I don’t consider myself old; older, perhaps, but not old. I was born in the early 1950′s, like so many of my baby-boomer brethren.
Most of us grew up pledging Allegiance to both the Flag and the Republic, and loving Our County unabashedly.
This didn’t mean blind love. As we grew, we saw the injustices perpetrated against minorities, and some of us questioned different military and political adventures overseas. Some were valid, some questionable, but all worthy of intelligent discussion and debate.
This is who we are.
Sadly, some of the debate stopped being intelligent, or discussed.
But most of the people here, whether native-born or legally-adopted, felt a love for the United States, for her history, her culture, her soul.
We were and are Americans. And persons who moved here wanted to assimilate, to become as we. E Pluribus Unum.
Not just long-term visitors from a foreign land demanding we speak their language or adopt their culture.

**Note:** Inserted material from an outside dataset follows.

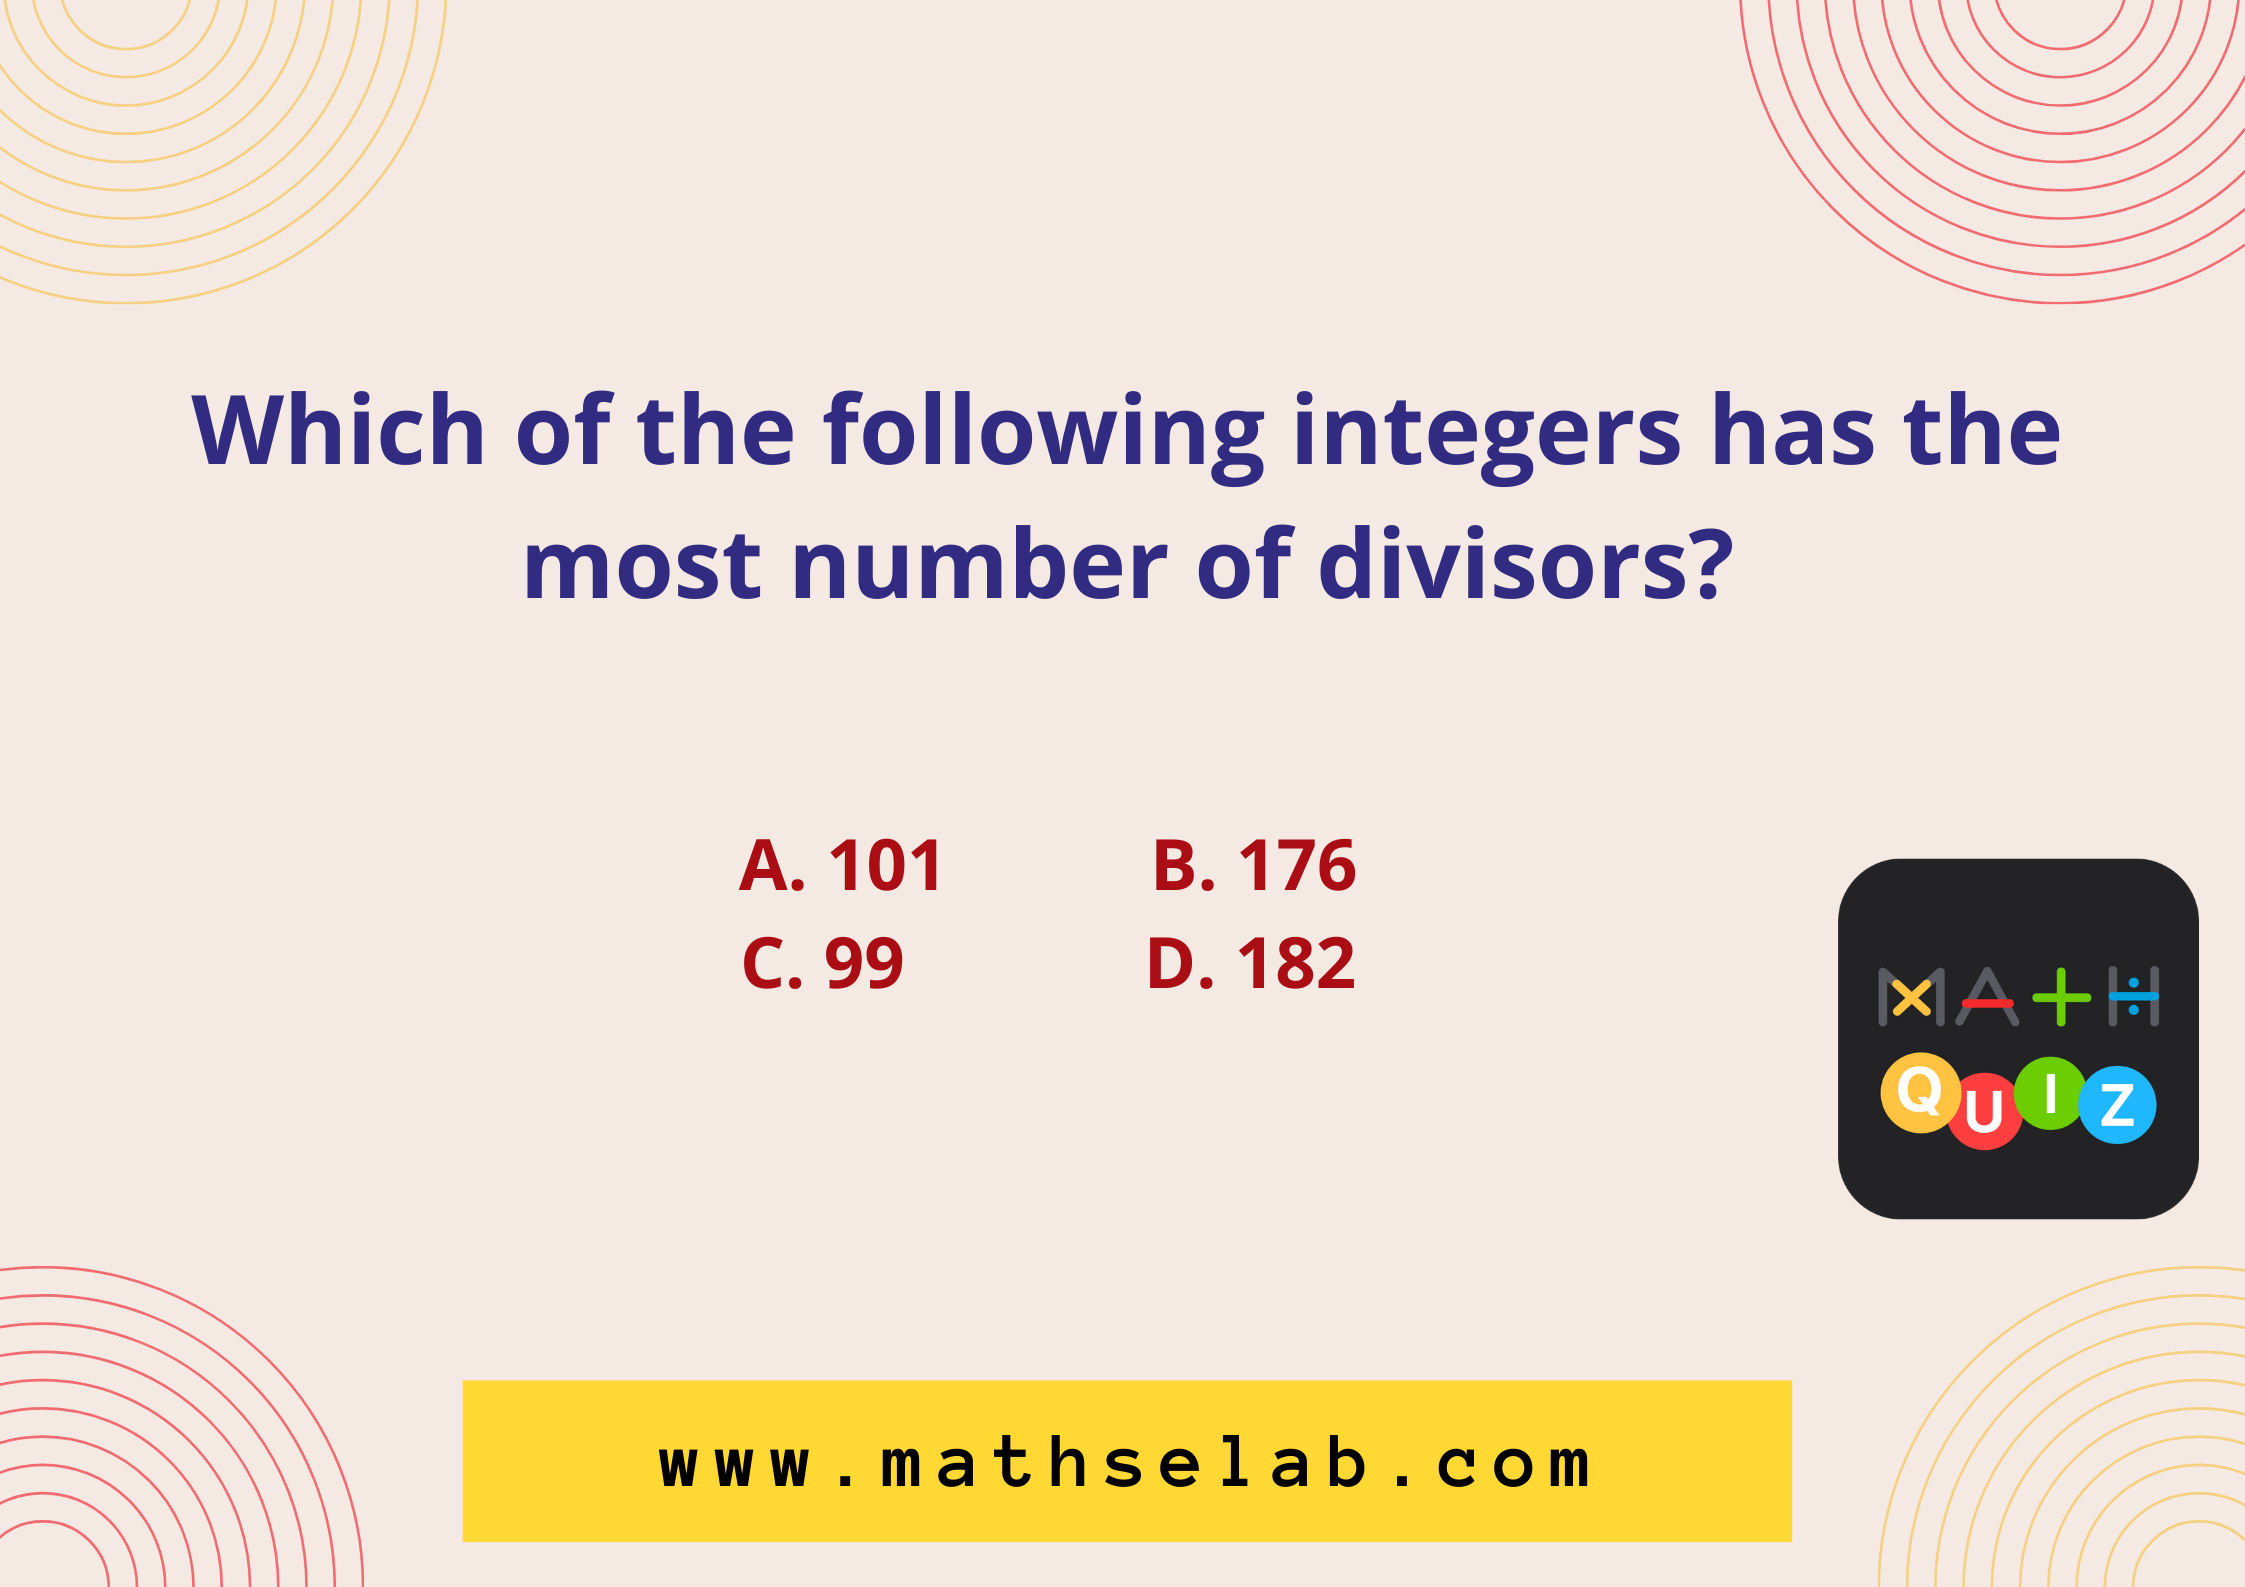 Which of the following integers has the most number of divisors?

President Theodore Roosevelt said it best,
“In this country we have no place for hyphenated Americans. A hyphenated American is not an American at all. This is just as true of the man who puts ‘Native’ before the hyphen as of the man who puts German or Irish or French before the hyphen. Americanism is a matter of the spirit and of the soul. Our allegiance must be purely to the United States. We must unsparingly condemn any man who holds any other allegiance.”
I’ve Irish and German heritage. I’m proud of having both. But, I’m an American. This is who I am.